Whether the reader receives access to issue depends on the Product ID and publication date.
Product ID is an identifier that you will use with iTunes Connect (or Google Play) interface. With this interface that you have to set up with Apple/Google you further identify what issues you sell and at what price. Product ID serves as identification of your reader and further differentiation attributes. The reverse entry is used in similar way as with internet address, only reversed. So if you have a company MyPub and issue monthly magazine called MyTimes, then the reader identifier will be cz.mypub.mytime – remember you cannot change the identifier later!
Then the issue identifier (Product ID) text for January issue 2012 the may look like this cz.mypub.mytime.1201
In the App Store (store operated by Apple) or Google Play (run by Google) the reader purchases just this identifier and it cannot be changed later in any way. So once you sell the Product ID cz.mypub.mytime.1201 to your reader, it should always be available for release with this Product ID.
Second way the reader can access the issue is the subscription. At this moment the subscription is only possible to sell through the App Store. In real terms, this is a purchasing period (not a number of pieces). If reader purchases on monthly subscription, such as 8th September 2012, then the prepaid period is 8th September to 7th October 2012. If within 24 hours before the end of the subscription the automatic renewal is not cancelled, it will be then renewed and thus extended from 8th September to 7th November 2012. Again, if the renewal is not canceled, another credit card payment will be effective, etc.
The Triobo reader offers such issues to its readers, whose release date falls within the paid period, plus extra one issue that is current at the time of purchase (this is the Apple’s rule). So thus imagine any issue not by the date it comes out, but as the interval between the date it is issued and the date of the next issue. The reader gets access to all issues that intersect with the interval of subscription.
Subscription example
Issues 1, 2 and 3 were published on 15th January, 15th February and 15th March. The reader had paid a monthly subscription on 3rd February and discontinued it on 8th February (to avoid automatic renewal). He has therefore paid for the interval from 3rd February to 2nd March. At the time of purchase he has received the issue number 1. Once the issue number 2 is published on 15th February he will get it as well. However he will not receive the third issue.
If you later uninstall the reader and then reinstall it again (or even install it on another tablet/phone) and enter the function Refresh purchases, you will re-access the number 1 and 2 issues.
Note that by purchasing on monthly subscription the reader had received two editions: and therefore has the right to number 1 issue, even though he has paid on 3rd February and the issue already came out on 15th January. At the time of purchase the subscription was still “valid”.
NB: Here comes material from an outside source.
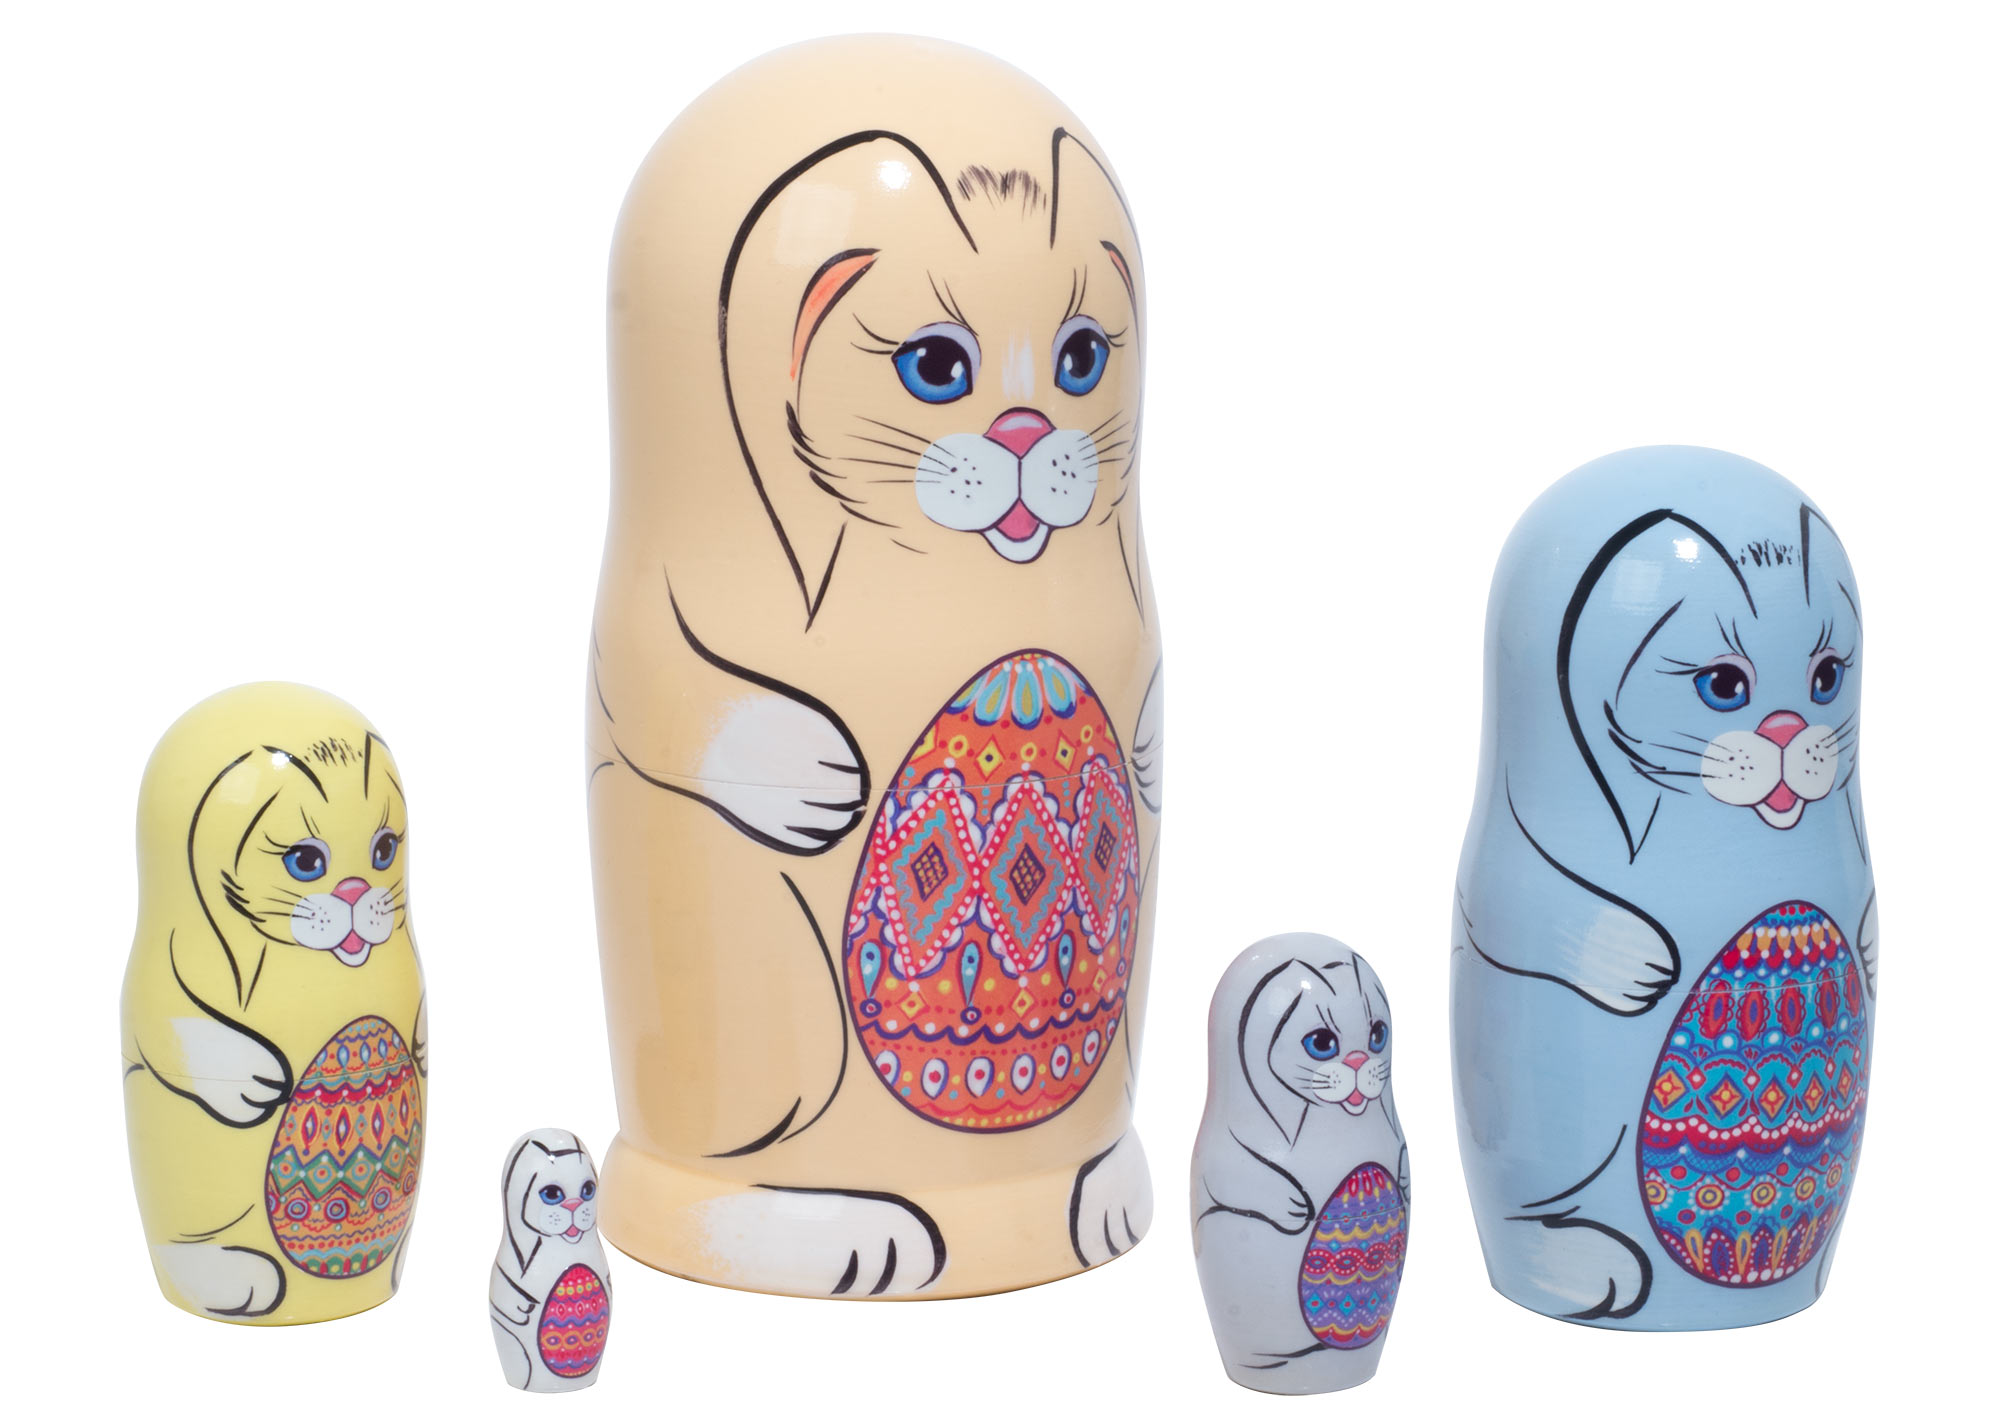 Buy Easter Bunnies with Eggs Nesting Doll 5pc./5" at GoldenCockerel.com

Therefore when setting the subscription price take into account the following:
- the reader usually gets about one extra issue than it would correspond to the subscription length
- If the journal is published irregularly (e.g. in the summer a double issue is published in July), it may happen that the reader will not receive any new issue within the subscription period
- it may also happen that if you are not using the exact date of the month the reader receives only 11 issues for a yearly subscription
The reader should be notified about all these facts. In the event that the reader will want to complain about subscription purchase, he will not be able to resolve anything with the publisher nor the Triobo operator – because the seller is Apple. However the Apple does not guarantee that any issue is published within the purchase interval and rejects the claim. However these are pitfalls of “time subscription”.